Original word count: 275 words | 1,783 characters

Counting Methodology

  • Words: whitespace-delimited token count (Python str.split()) applied to stripped text
  • Characters: total character count of stripped text including structural punctuation
  • Word Ratio: original_words / variant_words (higher = more compressed)
  • Char Ratio: original_chars / variant_chars (higher = more compressed)
  • Word Savings: (1 - variant_words / original_words) × 100%

All counts were computed programmatically against fixed string literals to eliminate manual counting error.

GCP1 Principles Applied

Each GCP1 variant was produced by applying the following rules from the GCP1 spec:

  • M1: All counts use Arabic numerals
  • M2: Low-entropy constraint graph — no nested arrays, no multi-key coupling
  • M3: Termination mechanism present (strict equality + no extra content)
  • M4: Character set anchoring where word count is involved
  • M5: Key constraints placed near termination anchors
  • R1: Flat key-value structure preferred over nested objects
  • A1–A3: No artificial priority syntax, no deep coupling chains, no array boilerplate

Normal variants were produced by straightforward idiomatic conversion with no compression applied.


Results

Format Words Chars Word Ratio Char Ratio Word Savings
Original 275 1,783 1.00x 1.00x 0%
Normal JSON 259 2,238 1.06x 0.80x 5.8%
Normal YAML 250 1,913 1.10x 0.93x 9.1%
Normal TOML 246 1,851 1.12x 0.96x 10.5%
Normal TOON 184 1,431 1.49x 1.25x 33.1%
GCP1+TOML 157 1,140 1.75x 1.56x 42.9%
GCP1+JSON 152 1,184 1.81x 1.51x 44.7%
GCP1+YAML 144 1,117 1.91x 1.60x 47.6%
GCP1+TOON 132 968 2.08x 1.84x 52.0%

Key Findings

1. Normal serialization does not compress — it expands

Normal JSON actually increases character count by 25.5% over the original prose, due to structural punctuation overhead ({}, [], "", ,). Normal YAML and TOML barely break even. Only Normal TOON achieves meaningful compression (33%) because its tabular row format eliminates repeated key names — but only when the data is uniformly structured.

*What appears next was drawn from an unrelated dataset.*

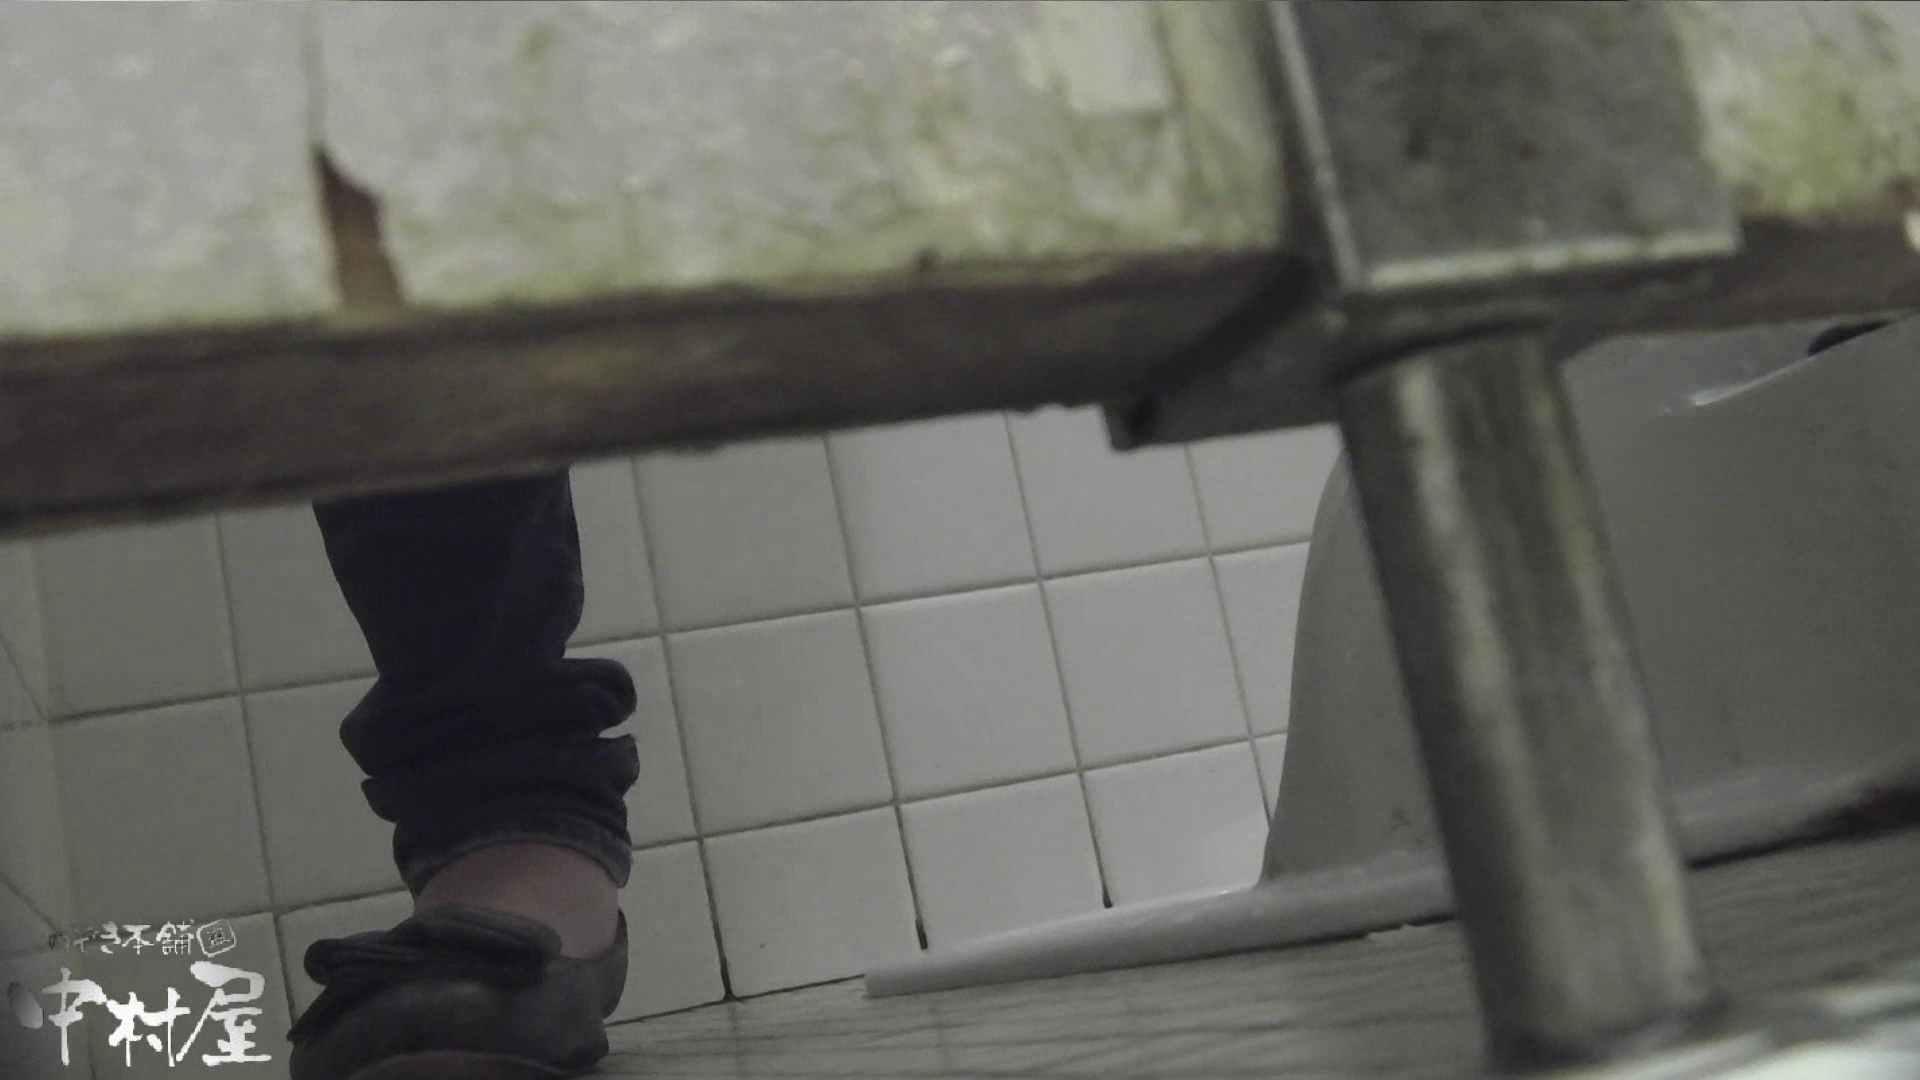 vol.14 命がけ潜伏洗面所! 色白ネーチャンヒクヒク! プライベート 盗撮アダルト動画キャプチャ 62画像 11

2. GCP1 discipline outweighs format choice

The compression gap between the best normal format (TOML, 10.5%) and the worst GCP1 format (TOML, 42.9%) is 32.4 percentage points. The gap between the best normal format and the best GCP1 format is 46.2 percentage points. Applying GCP1 to any format yields greater benefit than switching between formats without GCP1.

3. GCP1+TOON achieves the highest compression at 52%

At 132 words and 968 characters, GCP1+TOON is the most token-efficient combination. TOON's tabular [N]{fields}: syntax eliminates repeated keys across rows, and GCP1 eliminates structural boilerplate and verbose prose. Their compression principles are orthogonal and additive.

4. GCP1+YAML is the best pure-word compression without tabular data

At 144 words, GCP1+YAML edges GCP1+JSON by 8 words because YAML requires no quote wrapping on keys and values, and omits commas entirely. For flat key-value prompts without uniform arrays, GCP1+YAML is the recommended default.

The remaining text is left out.